Why design beats model fit
Section 3.1 shifts the focus from outcome models to assignment mechanisms. The key question is not which regression fits best, but how treatment was assigned. Design-based reasoning builds identification on how units receive treatment, rather than on functional-form assumptions.
This perspective matters because the strongest causal statements come from how treatment variation was generated, not from statistical convenience. In marketing panels, assignment is often messy, so being explicit about design is the difference between credible and fragile inference.
Two regimes: experimental vs quasi-experimental
We can separate panel designs into two broad regimes.
Experimental designs use known randomization mechanisms. In notation, the assignment matrix $D$ is independent of potential outcomes, often conditional on strata:
$$ \Pr\bigl(D \mid \{Y_{it}(d_{ti})\}_{i,t}, X\bigr)=\Pr(D \mid X). $$This is the cleanest route to causal inference and underpins geo-experiments and platform A/B tests.
Quasi-experimental designs do not randomize treatment. Instead, institutional rules, rollouts, thresholds, or targeting create as-if-random variation that can be exploited with assumptions like parallel trends, unconfoundedness, or factor structure.
Assignment mechanism: the formal object
Section 3.1 formalizes the assignment mechanism as the conditional distribution:
$$ \Pr\bigl(D \mid \{Y_{it}(d_{ti})\}_{i,t}, X\bigr). $$This expression captures the data-generating process for treatment. If it depends on potential outcomes, identification is compromised unless we can condition on the right variables to remove that dependence.
Overlap and why it is hard in marketing
Even under unconfoundedness, identification requires overlap (positivity): units must have a positive probability of receiving the treatment levels you care about, given $X_{it}$ and fixed effects. In marketing, targeted campaigns and feedback loops can violate overlap because the platform systematically avoids certain segments or timing windows.
Practical implication: if no units with similar covariates receive both treatment and control, no method can recover a credible causal contrast.
Design-based vs model-based logic
A regression model can improve precision, but it does not create identification. The causal legitimacy of a coefficient comes from design-based assumptions, not from a good fit or a high $R^2$.
- Design-based: argues the comparison is valid because of the assignment mechanism.
- Model-based: assumes the outcome model is correctly specified.
Modern practice combines them: design for identification, regression for efficiency.

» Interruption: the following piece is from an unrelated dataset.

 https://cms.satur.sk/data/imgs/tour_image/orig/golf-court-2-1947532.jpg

Marketing panel archetypes
Section 3.1 previews the main panel design types that recur throughout the book. Below is a more detailed map from design to identifying logic and diagnostics.
Randomized cluster designs (geo-experiments, A/B tests). Treatment is assigned at a cluster level (DMA, region, store group), creating clean randomization while managing interference. Identification is strongest, but inference must respect clustering and potential spillovers across cluster borders. Diagnostics focus on balance across clusters and compliance with the randomization protocol.

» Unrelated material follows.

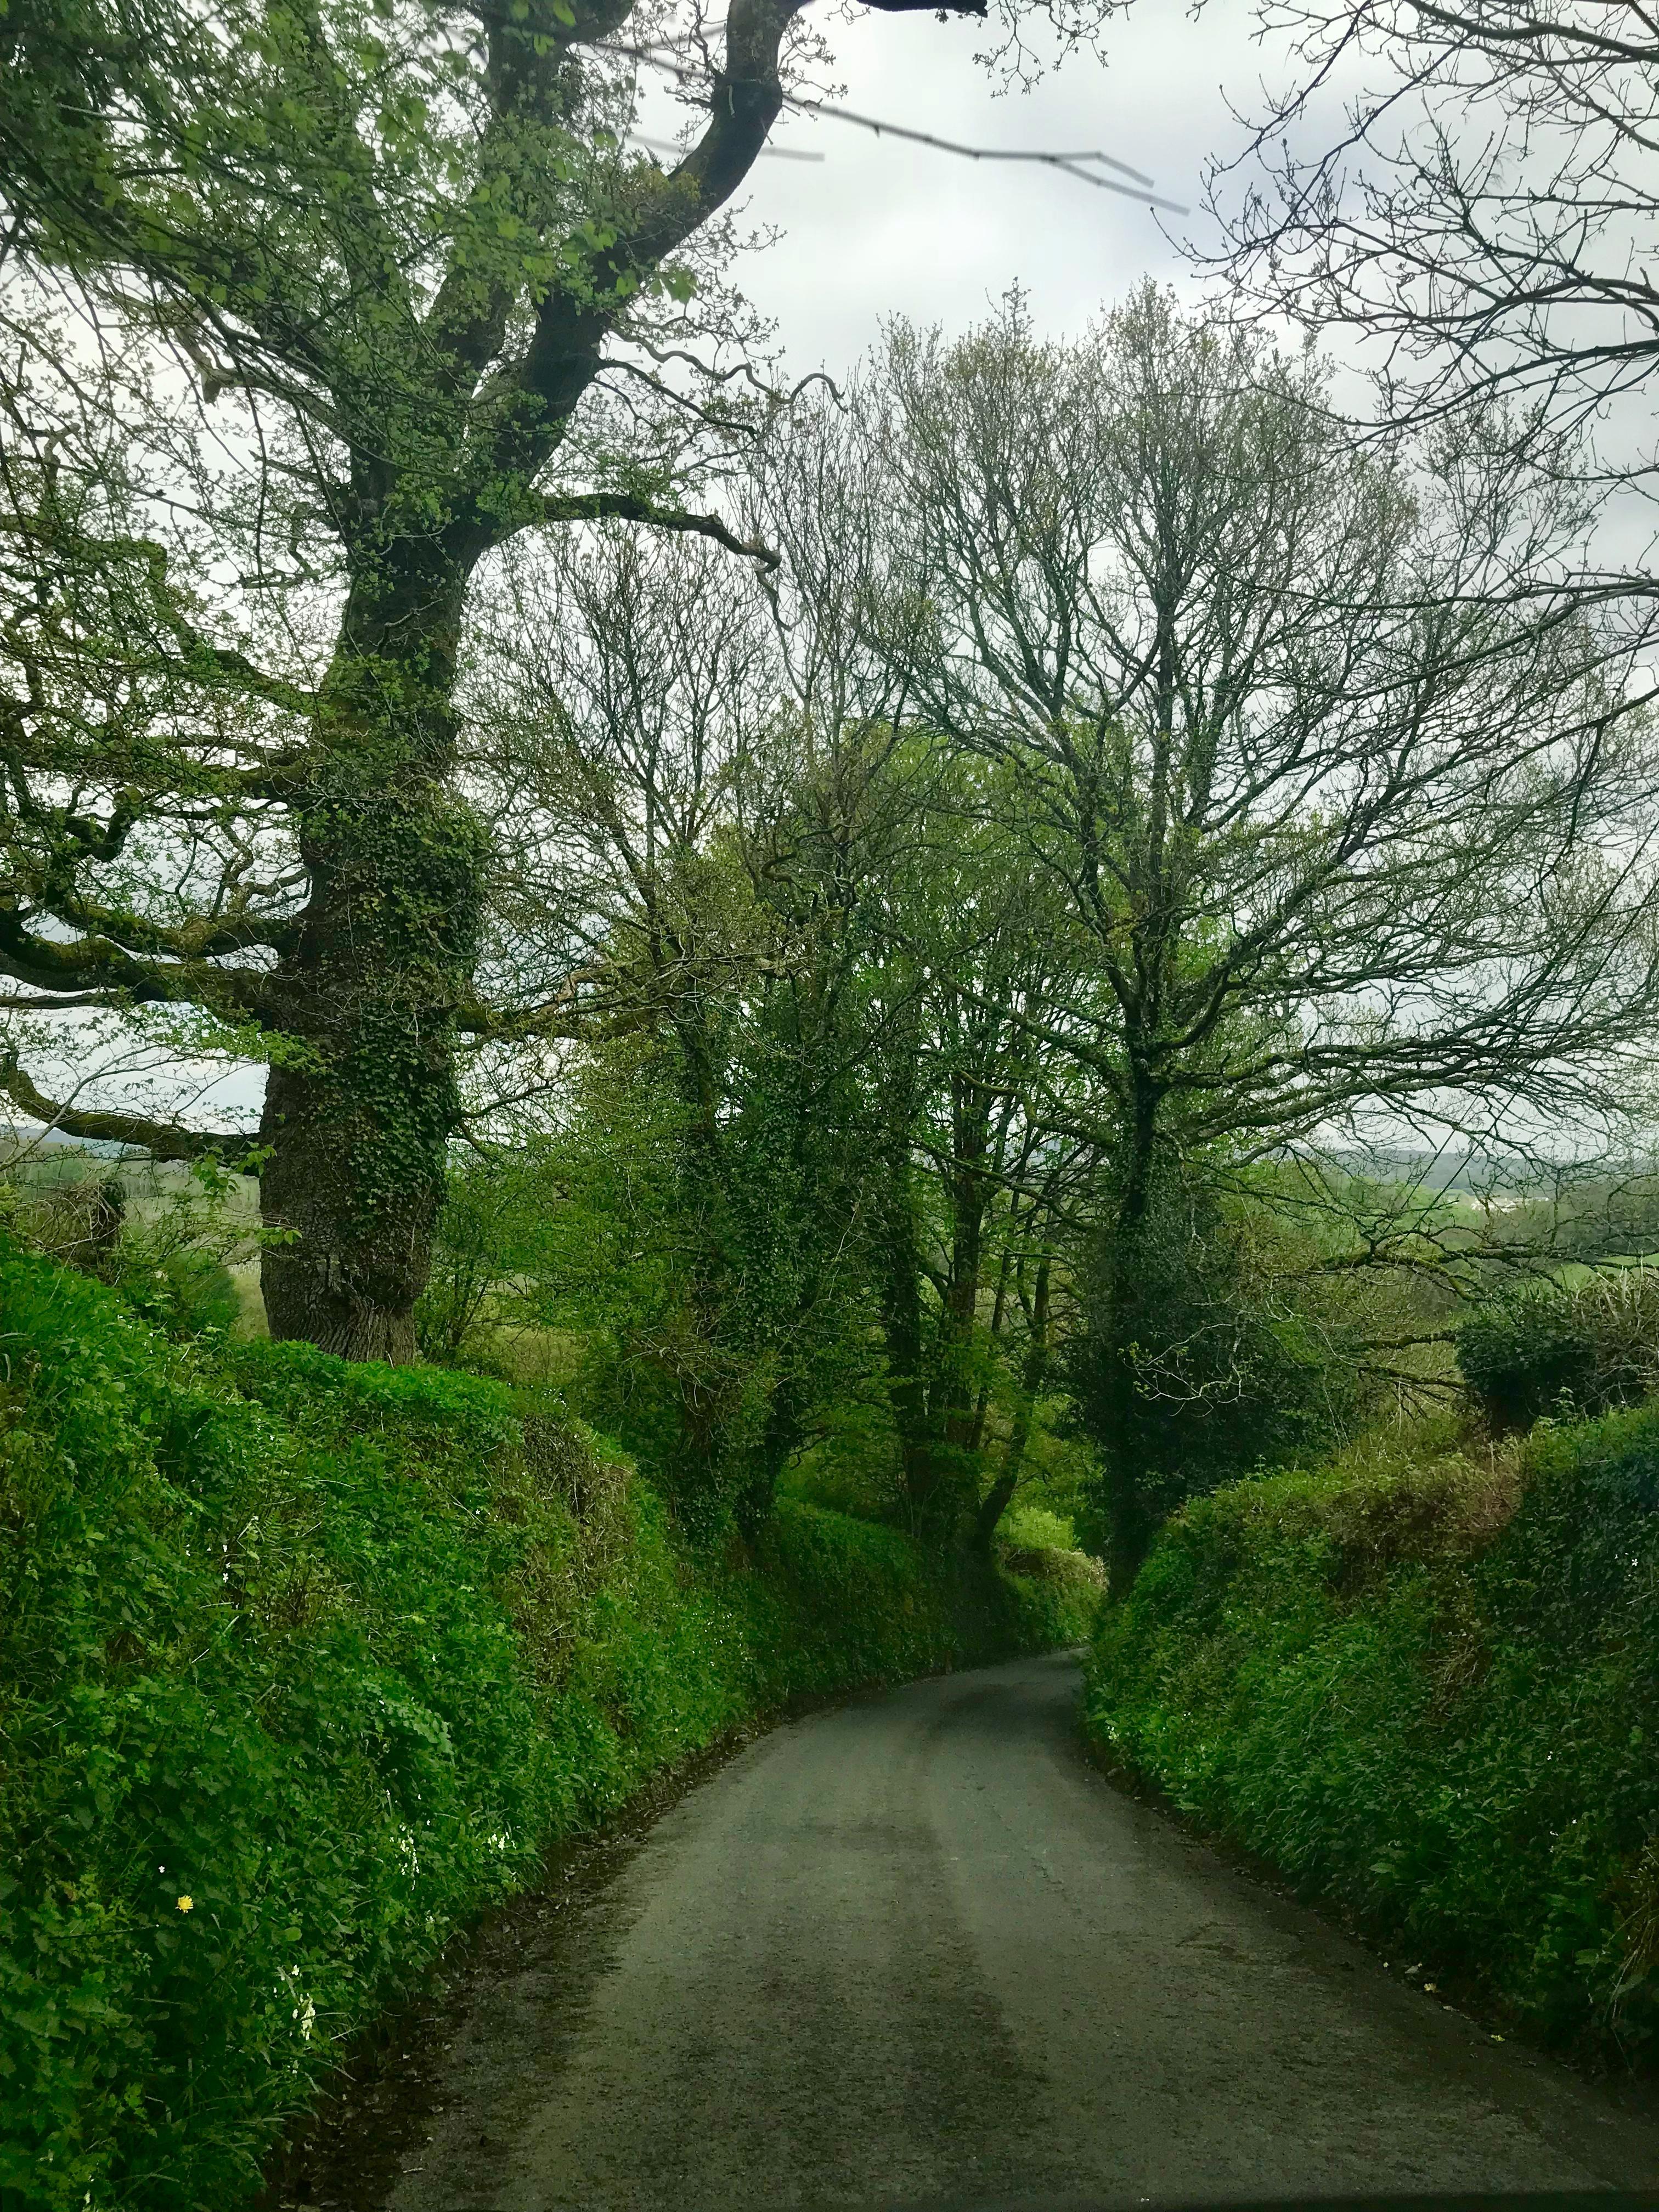 visit to Cornwall

Staggered adoption designs (rollouts, phased launches). Units adopt at different times, often for operational reasons. Identification relies on parallel trends in untreated outcomes across cohorts and on no anticipation. Diagnostics emphasize pre-trends, cohort-specific event studies, and sensitivity to alternative aggregation weights.
Single treated unit designs (case studies, flagship launches). Only one or a few units receive treatment, making counterfactual construction the main challenge. Synthetic control and SDID are natural tools, with credibility tied to pre-treatment fit under a stable factor structure. Diagnostics are placebo tests and leave-one-out robustness checks.
Common shock designs (policy changes, platform updates). All units are exposed at the same time, but impacts can vary across units. Identification often hinges on event-study dynamics or factor models that separate common shocks from heterogeneous responses. Diagnostics check for pre-shock stability and alternative control series.
Continuous treatment intensity (spend, exposure). Treatment varies in magnitude rather than on/off status. Identification requires unconfoundedness conditional on rich controls and fixed effects, or a factor structure that isolates endogenous demand shocks. Diagnostics focus on overlap across intensity levels, sensitivity to control sets, and stability of dose-response estimates.
Each archetype maps to specific methods and diagnostic workflows in later chapters.
Takeaway
The design-based view forces clarity. It asks: Who assigned treatment? Why did they do it? Once that is explicit, estimands and estimators follow logically. In MMM, this discipline prevents over-interpreting regression output and keeps the analysis anchored to credible causal variation.
References
- Shaw, C. (2025). Causal Inference in Marketing: Panel Data and Machine Learning Methods (Community Review Edition), Section 3.1.
- Angrist, J. D., and Pischke, J. (2010). The credibility revolution in empirical economics.
- Goldfarb, A., et al. (2022). Marketing research in the age of platforms.